Yugo NAGATA <nagata@sraoss.co.jp> writes:
>> The attached patch tries to add comments explaining it on the functions.

> I forward it to the hackers list because the patch is to fix comments.

What do you think of the attached wording?

I don't think the pipeline angle is of concern to anyone who might be
reading these comments with the aim of understanding what guarantees
they have.  Perhaps there should be more about that in the user-facing
docs, though.

            regards, tom lane

diff --git a/src/backend/access/transam/xact.c b/src/backend/access/transam/xact.c
index 883d6c0f70..8086b857b9 100644
--- a/src/backend/access/transam/xact.c
+++ b/src/backend/access/transam/xact.c
@@ -3448,6 +3448,10 @@ AbortCurrentTransaction(void)
  *    a transaction block, typically because they have non-rollback-able
  *    side effects or do internal commits.
  *
+ *    If this routine completes successfully, then the calling statement is
+ *    guaranteed that if it completes without error, its results will be
+ *    committed immediately.
+ *
  *    If we have already started a transaction block, issue an error; also issue
  *    an error if we appear to be running inside a user-defined function (which
  *    could issue more commands and possibly cause a failure after the statement
@@ -3573,6 +3577,10 @@ CheckTransactionBlock(bool isTopLevel, bool throwError, const char *stmtType)
  *    a transaction block than when running as single commands.  ANALYZE is
  *    currently the only example.
  *
+ *    If this routine returns "false", then the calling statement is
+ *    guaranteed that if it completes without error, its results will be
+ *    committed immediately.
+ *
  *    isTopLevel: passed down from ProcessUtility to determine whether we are
  *    inside a function.
  */

On Sun, 06 Nov 2022 12:54:17 -0500
Tom Lane <tgl@sss.pgh.pa.us> wrote:

> Yugo NAGATA <nagata@sraoss.co.jp> writes:
> >> The attached patch tries to add comments explaining it on the functions.
> 
> > I forward it to the hackers list because the patch is to fix comments.
> 
> What do you think of the attached wording?

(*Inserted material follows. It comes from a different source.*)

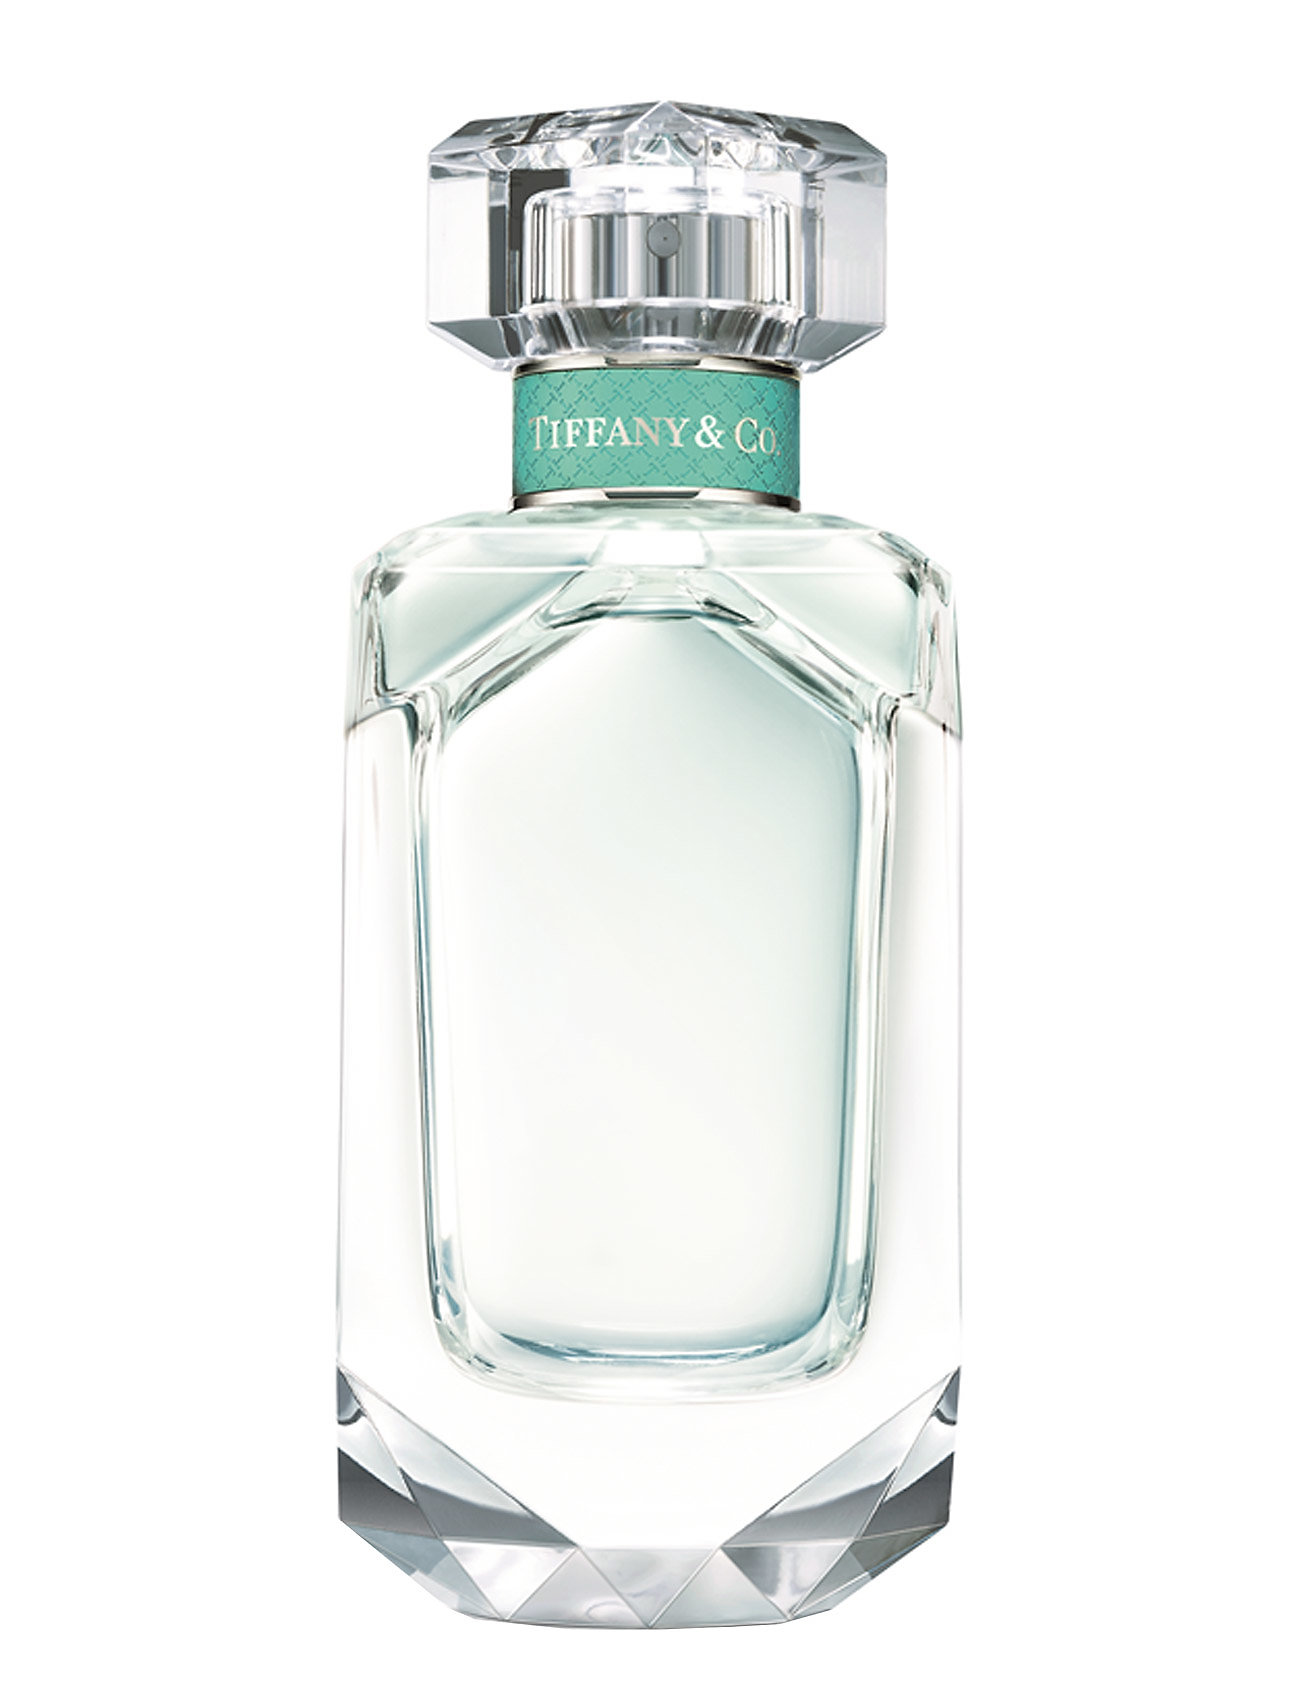 Tiffany TIFFANY & CO EAU DE PARFUM - NO COLOR

It looks good to me. That describes the expected behaviour exactly.

> I don't think the pipeline angle is of concern to anyone who might be
> reading these comments with the aim of understanding what guarantees
> they have.  Perhaps there should be more about that in the user-facing
> docs, though.

I agree with that we don't need to mention pipelining in these comments,
and that we need more in the documentation. I attached a doc patch to add
a mention of commands that do internal commit to the pipelining section.
Also, this adds a reference for the pipelining protocol to the libpq doc.

Regards,
Yugo Nagata

-- 
Yugo NAGATA <nagata@sraoss.co.jp>

Yugo NAGATA <nagata@sraoss.co.jp> writes:
> Tom Lane <tgl@sss.pgh.pa.us> wrote:
>> What do you think of the attached wording?

> It looks good to me. That describes the expected behaviour exactly.

Pushed that, then.

>> I don't think the pipeline angle is of concern to anyone who might be
>> reading these comments with the aim of understanding what guarantees
>> they have.  Perhaps there should be more about that in the user-facing
>> docs, though.

> I agree with that we don't need to mention pipelining in these comments,
> and that we need more in the documentation. I attached a doc patch to add
> a mention of commands that do internal commit to the pipelining section.
> Also, this adds a reference for the pipelining protocol to the libpq doc.

Hmm ... I don't really find either of these changes to be improvements.
The fact that, say, multi-table ANALYZE uses multiple transactions
seems to me to be a property of that statement, not of the protocol.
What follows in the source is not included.